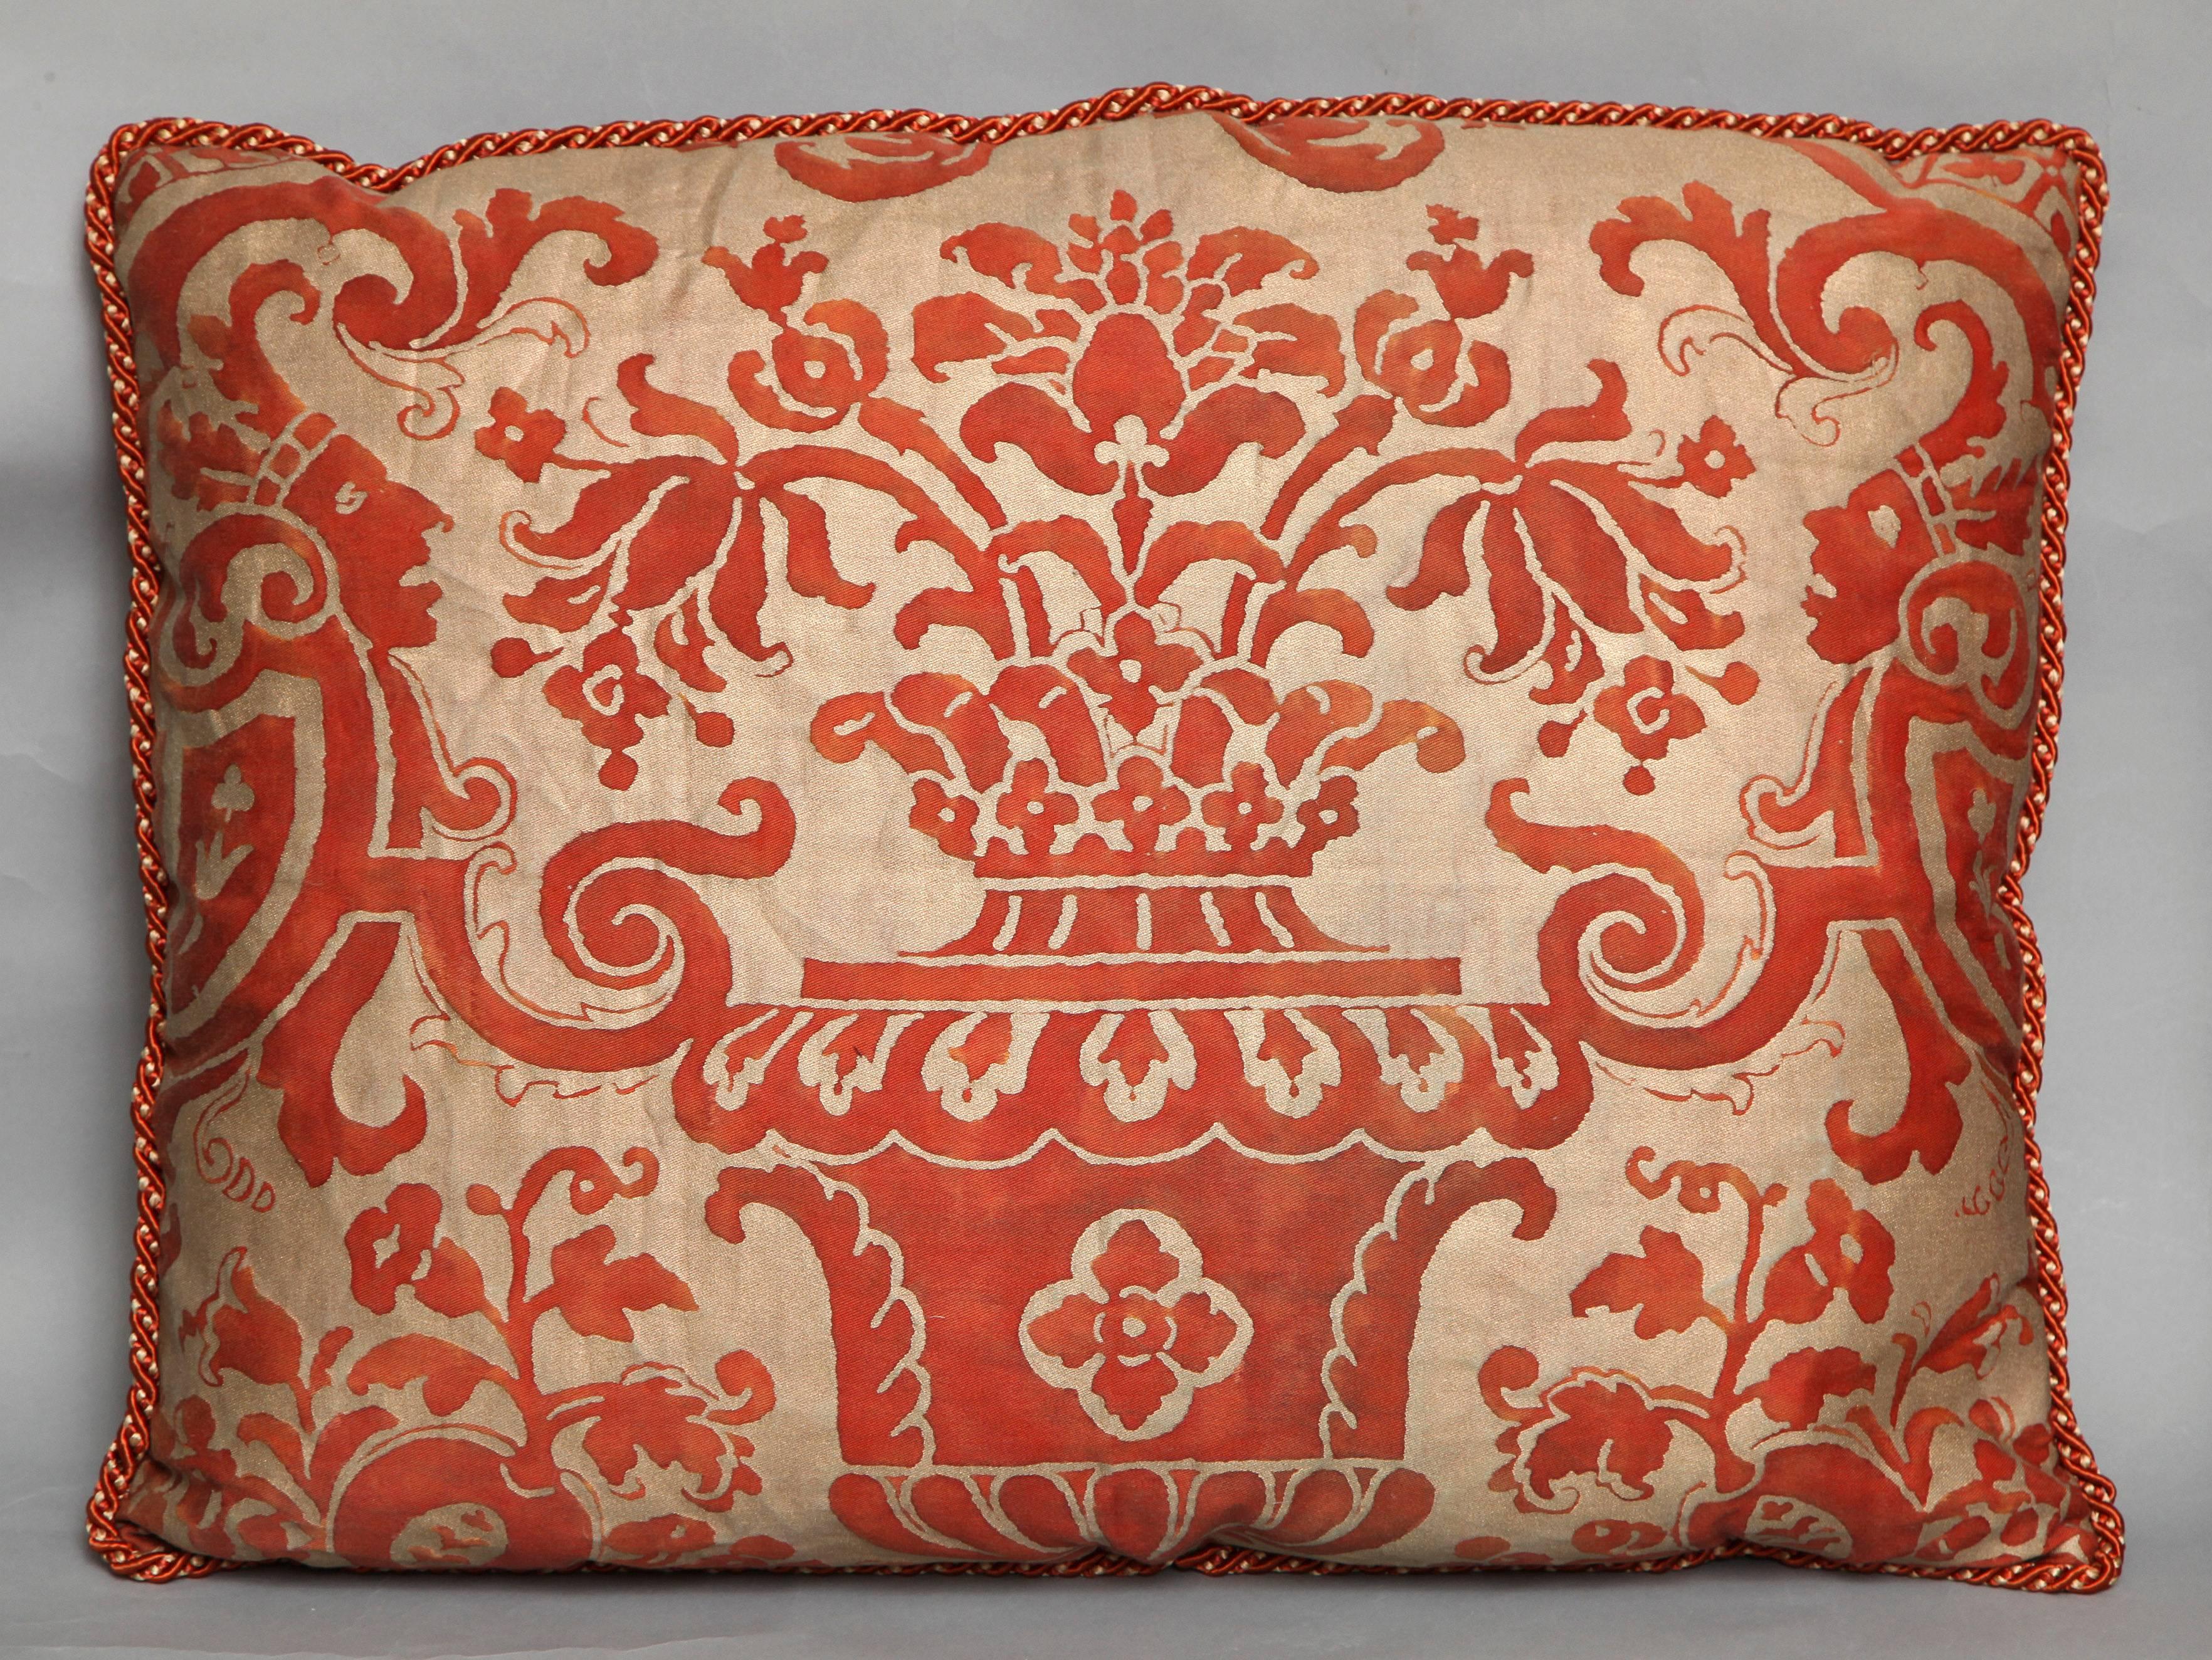 American Pair of Fortuny Fabric Cushions in the Carnavalet Pattern
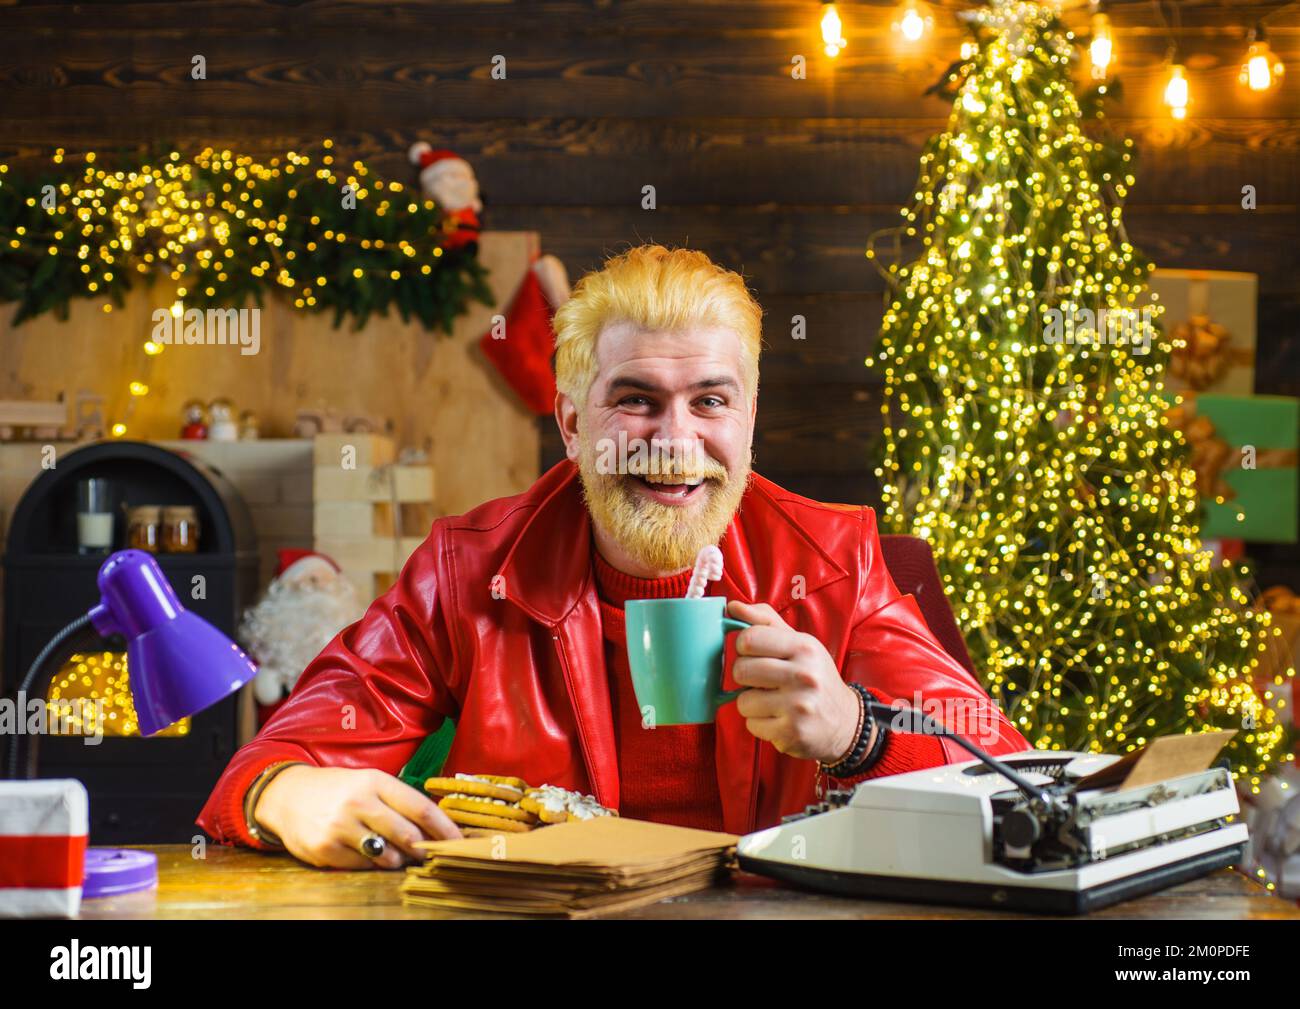 Smiling man in red leather jacket with mug of milk and cookie. Merry Christmas. New year background. Stock Photo
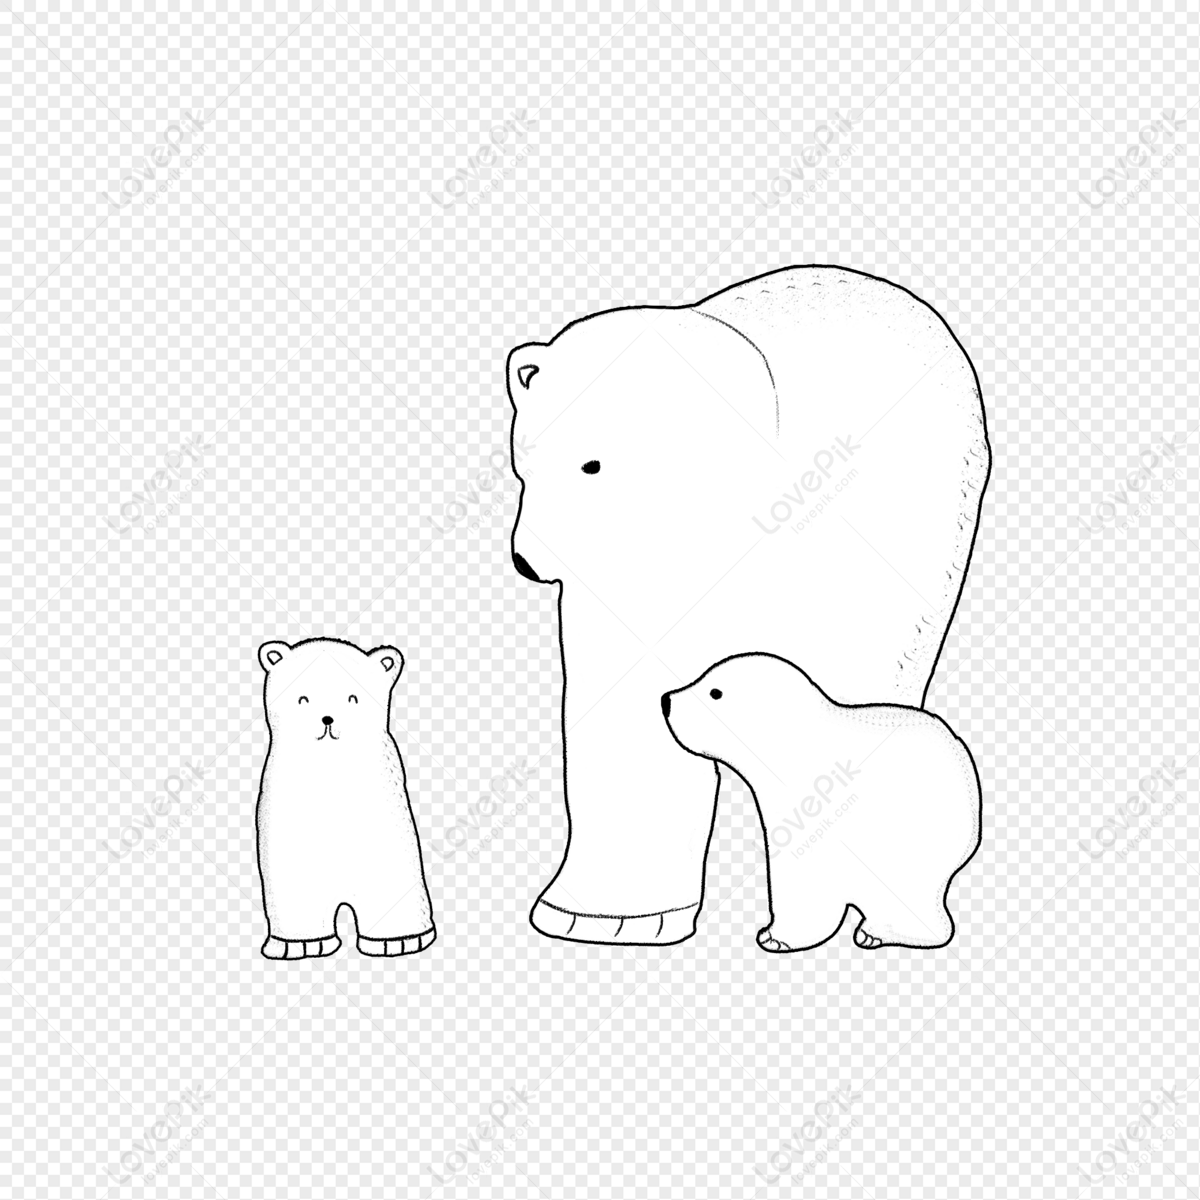 Polar Bear Family Cartoon Image PNG White Transparent And Clipart Image For  Free Download - Lovepik | 401284612
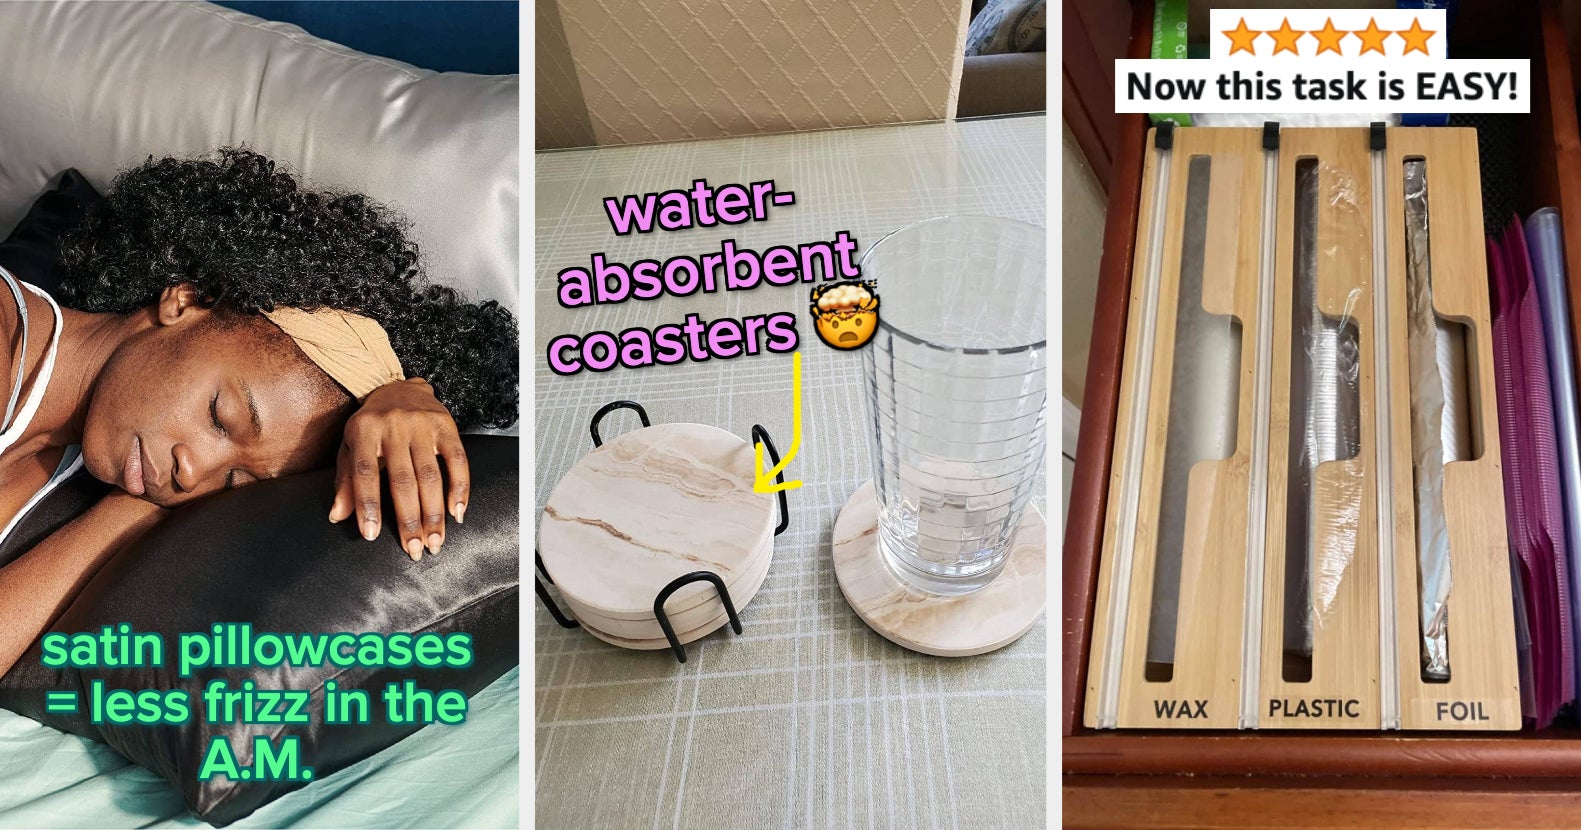 54 Home Items That'll Make Life Easier

## [EXERCISE OBJECTIVE]
A word-for-word copy of all the data, without pictures, is the expected output.

## [OUTPUT OF THE TASK]
 American Pair of Fortuny Fabric Cushions in the Carnavalet Pattern
 Smiling man in red leather jacket with mug of milk and cookie. Merry Christmas. New year background. Stock Photo
 Polar Bear Family Cartoon Image PNG White Transparent And Clipart Image For  Free Download - Lovepik | 401284612
 54 Home Items That'll Make Life Easier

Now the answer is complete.